#### Problem to solve
Reproduce the listing below character for character; drop every image.

#### Given data
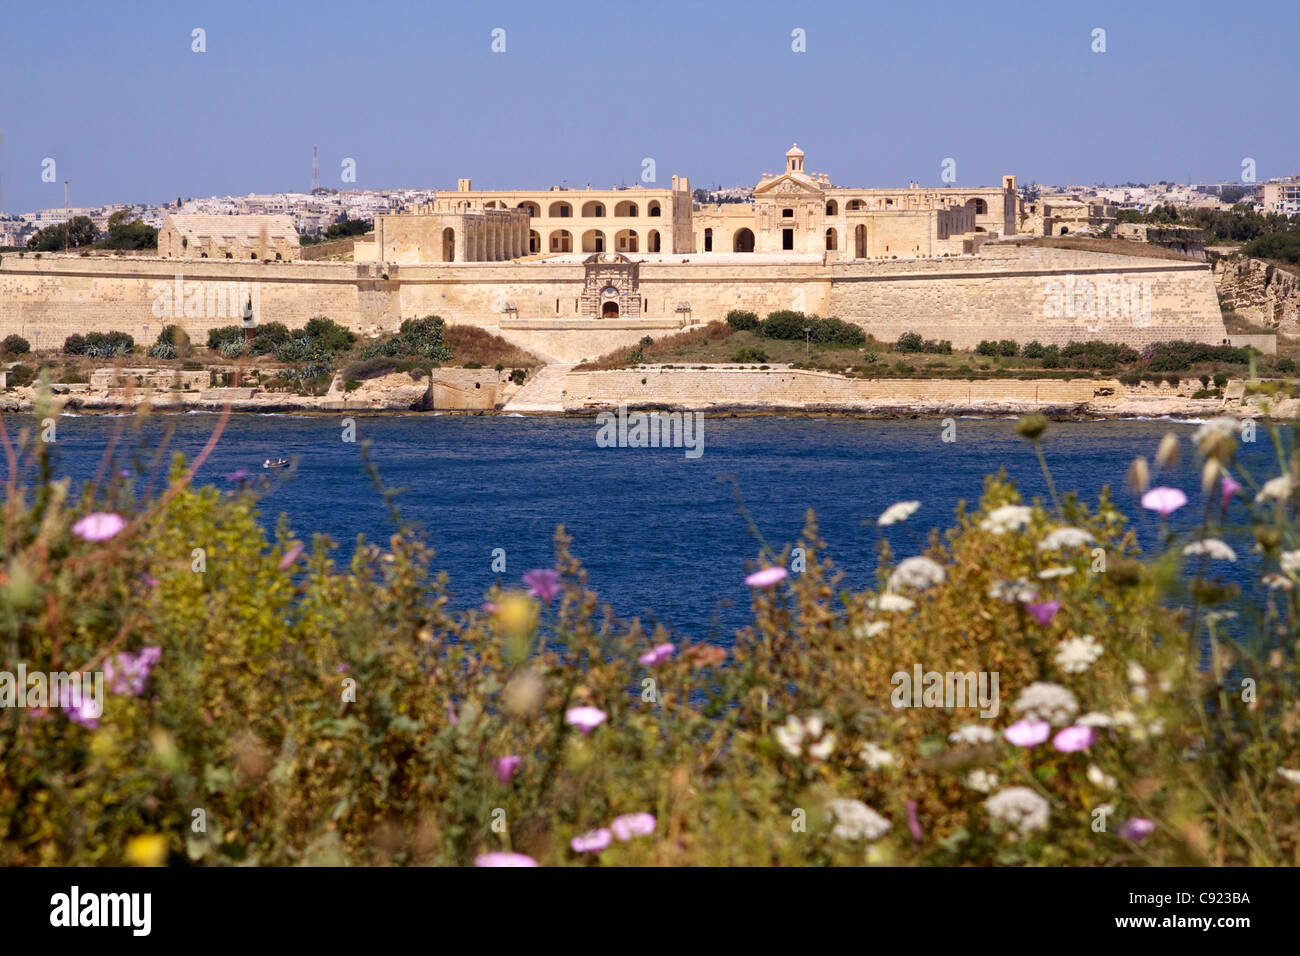 Fort Manoel built in 1726 on Manoel Island in Marsamxett Harbour, Valletta. Stock Photo
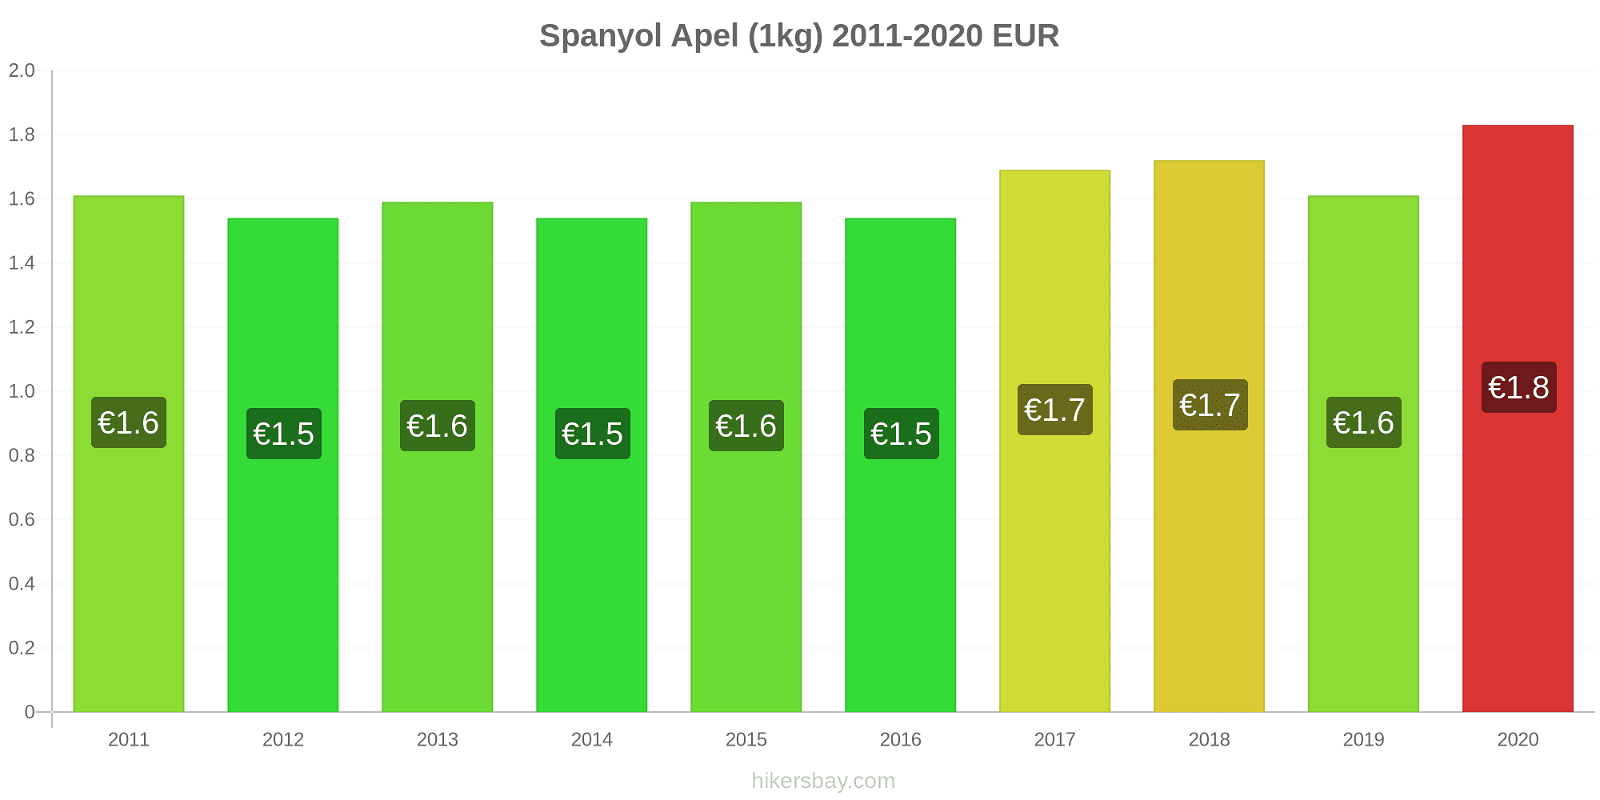 Spanyol perubahan harga Apel (1kg) hikersbay.com
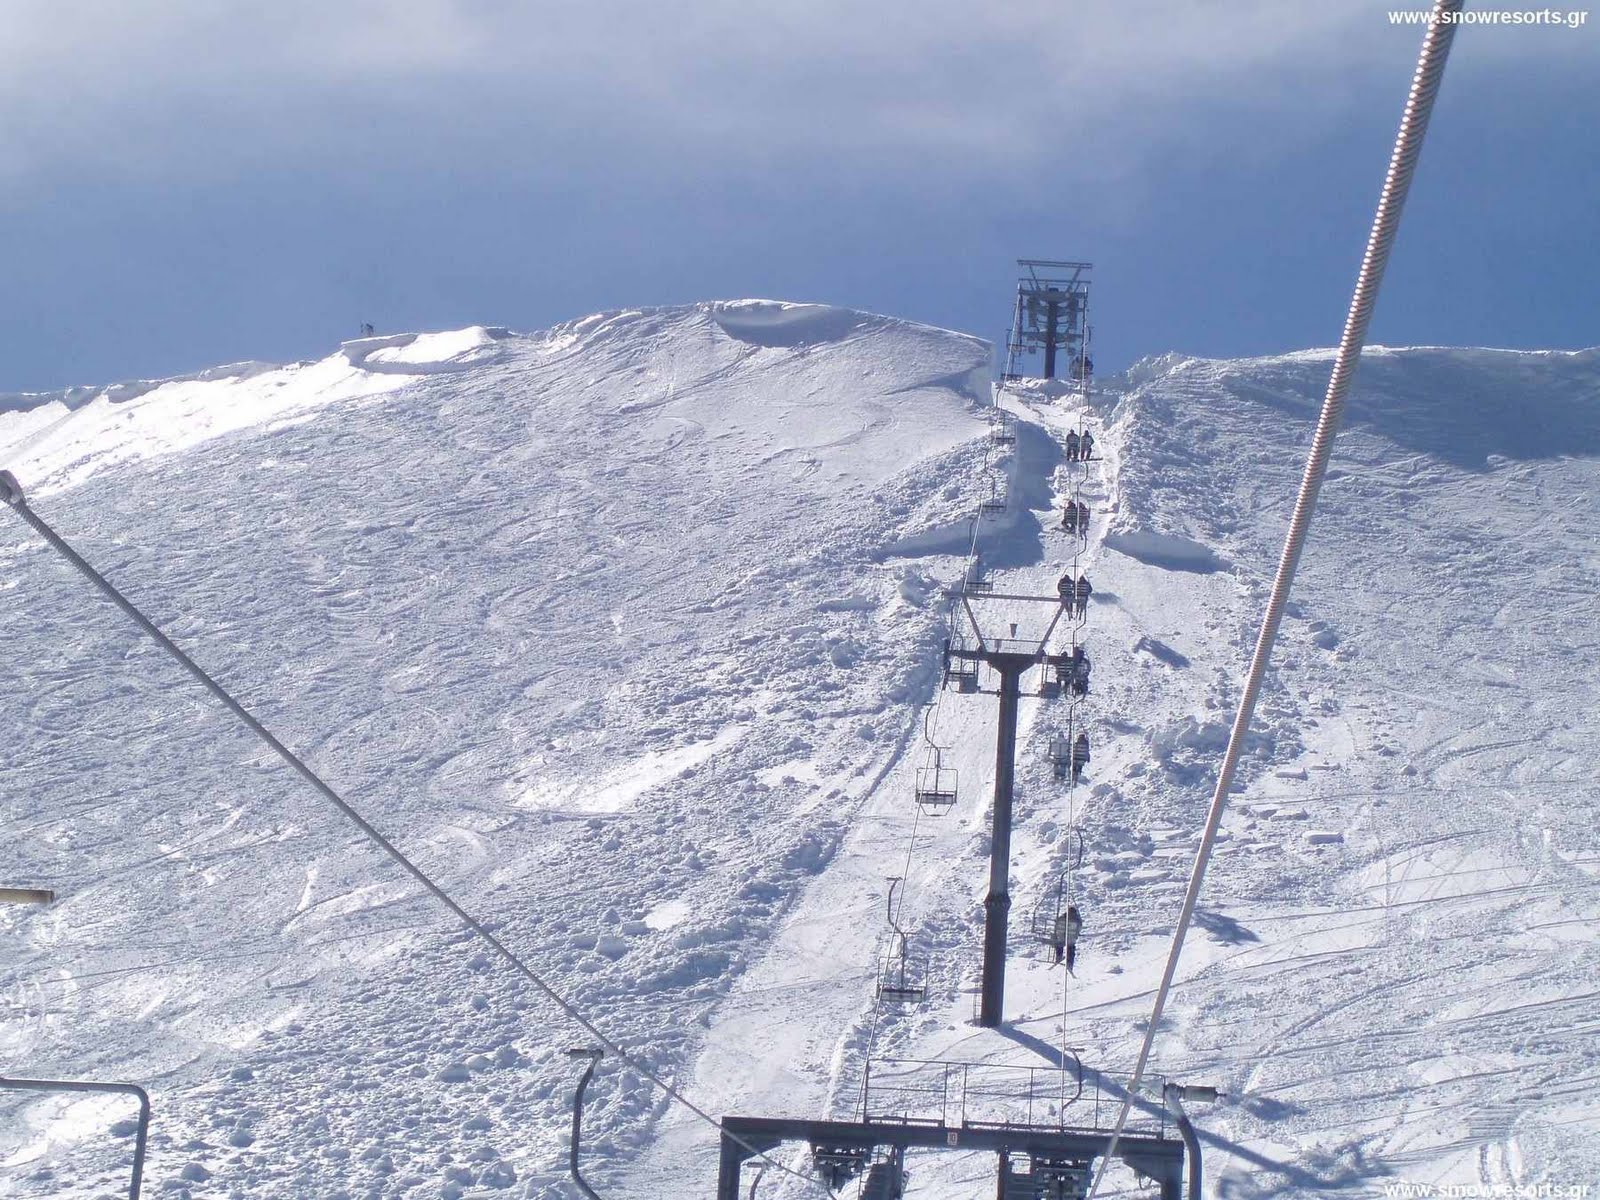 Χιονοστιβάδα στη Βασιλίτσα, αγωνία για 30χρονο που έκανε snowboard

#### Answer below
 Fort Manoel built in 1726 on Manoel Island in Marsamxett Harbour, Valletta. Stock Photo
 Spanyol perubahan harga Apel (1kg) hikersbay.com
 Χιονοστιβάδα στη Βασιλίτσα, αγωνία για 30χρονο που έκανε snowboard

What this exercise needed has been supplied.